I must be an optimist, because when I hear storage vendors promising – yet failing to deliver – interoperability year after year, I simply shrug and say, “Better luck next year.” I can afford to be so detached because I don’t have to make all the pieces of the storage puzzle work. But I feel for those who do.
Fortunately, the state of storage interoperability is indeed changing for the better. IP networking vendors such as Cisco Systems Inc., along with traditional Fibre Channel and storage vendors such as Brocade Communications Systems Inc., EMC Corp., Emulex Corp., and McData Corp., are finally figuring out what LAN vendors learned a decade ago: Customers want interoperability that really works, instead of just acronyms on spec sheets.
Nevertheless, storage-networking players have a long row to hoe before storage networks become as plug-and-play as we expect our LANs to be. LAN interoperability didn’t happen overnight, as anyone who broke into networking between 1980 and 1995 will tell you – at length if they’re allowed.
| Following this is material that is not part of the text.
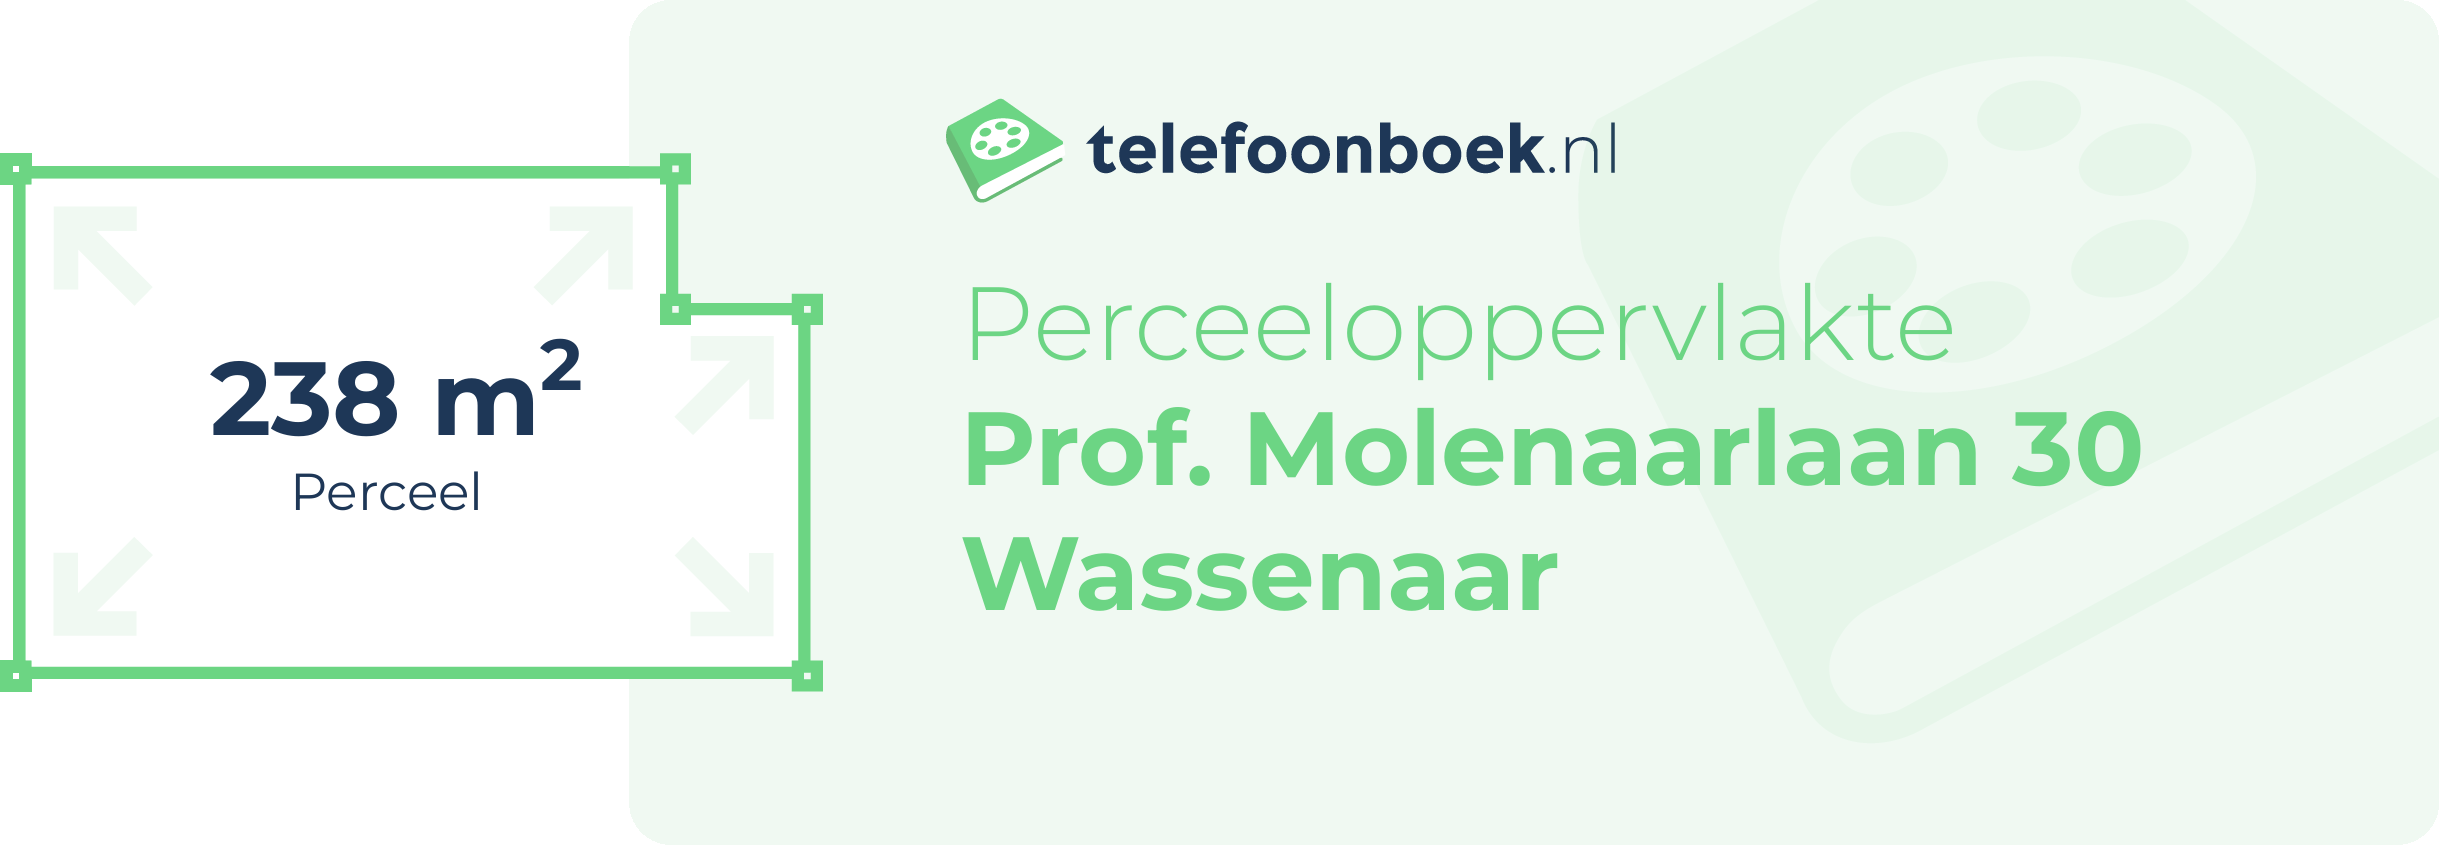 Perceeloppervlakte Prof. Molenaarlaan 30 Wassenaar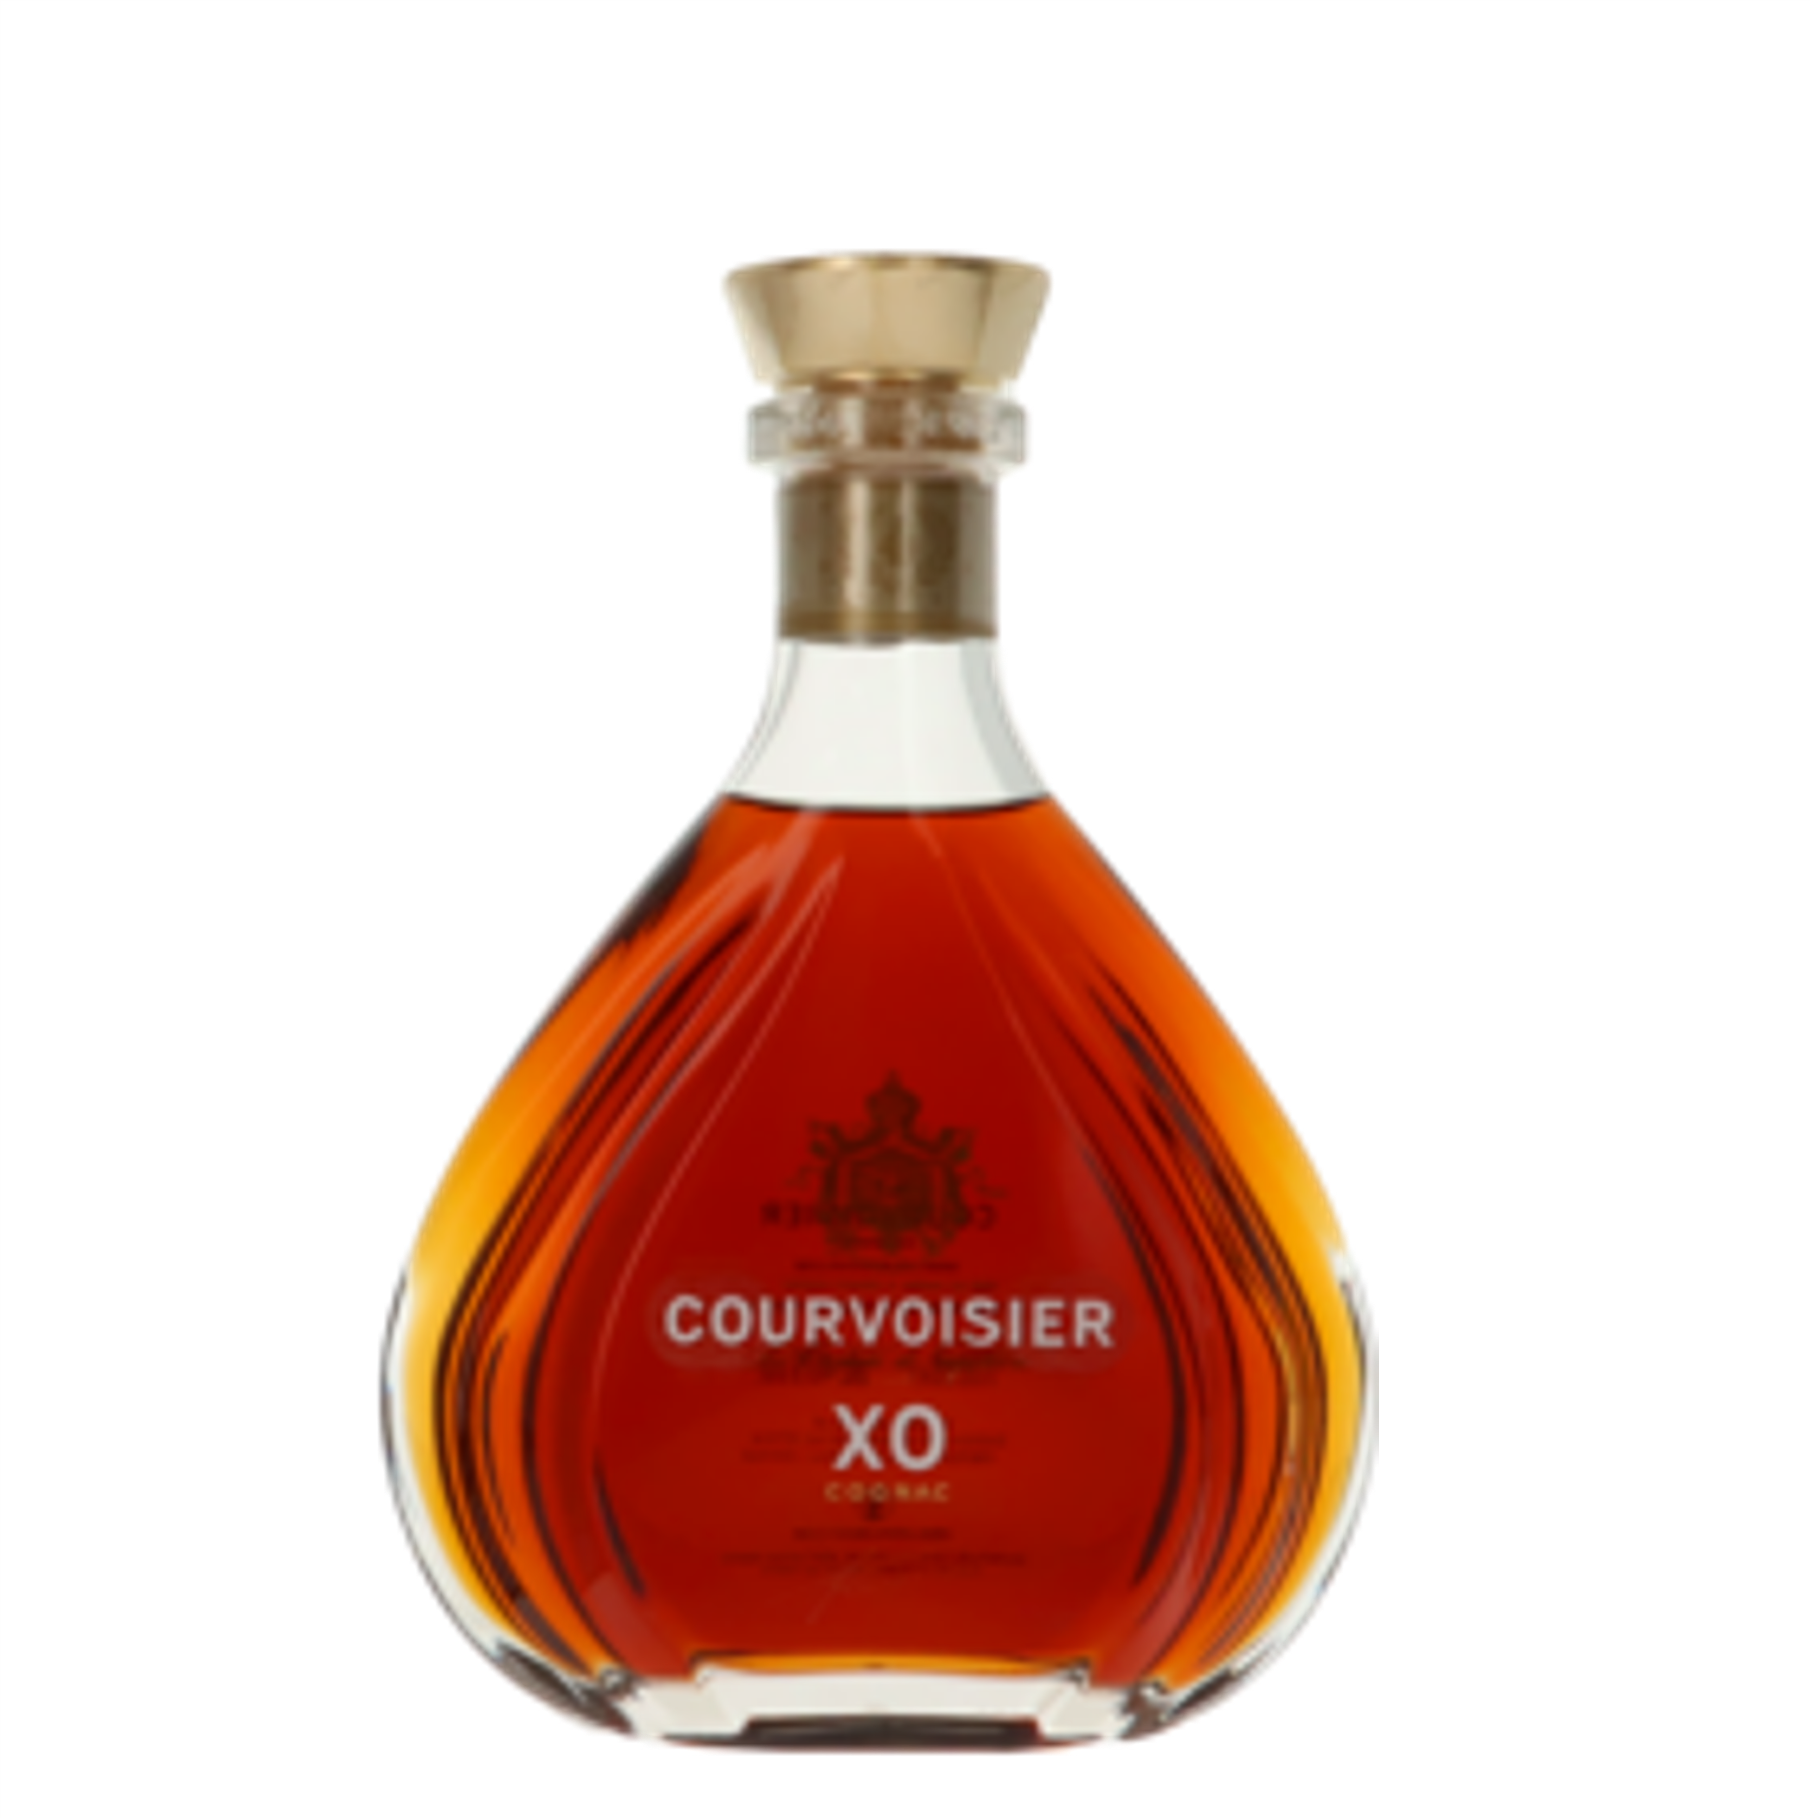 courvoisier xo discover cognac.jpg

Thankfully, many of the lessons learned then can be applied to the building of storage networks.
The most important lesson for me as a network designer during those years revolved around the KISS (keep it simple, stupid) principle: Find an equipment vendor or two you can live with and then stick with them, because few companies have time to be interoperability guinea pigs although most end up doing some experimental work whether they realize it or not. The road to sanity in a time without standards is best found with as few people in the car as possible.
The big consolation for everyone struggling with storage networking is that it will get easier soon. I expect that within a few years, we’ll be wondering what all the fuss was about. Still, it’s premature for vendors to make claims of interoperability today, given the kinks remaining in IP implementations of Fibre Channel and SCSI.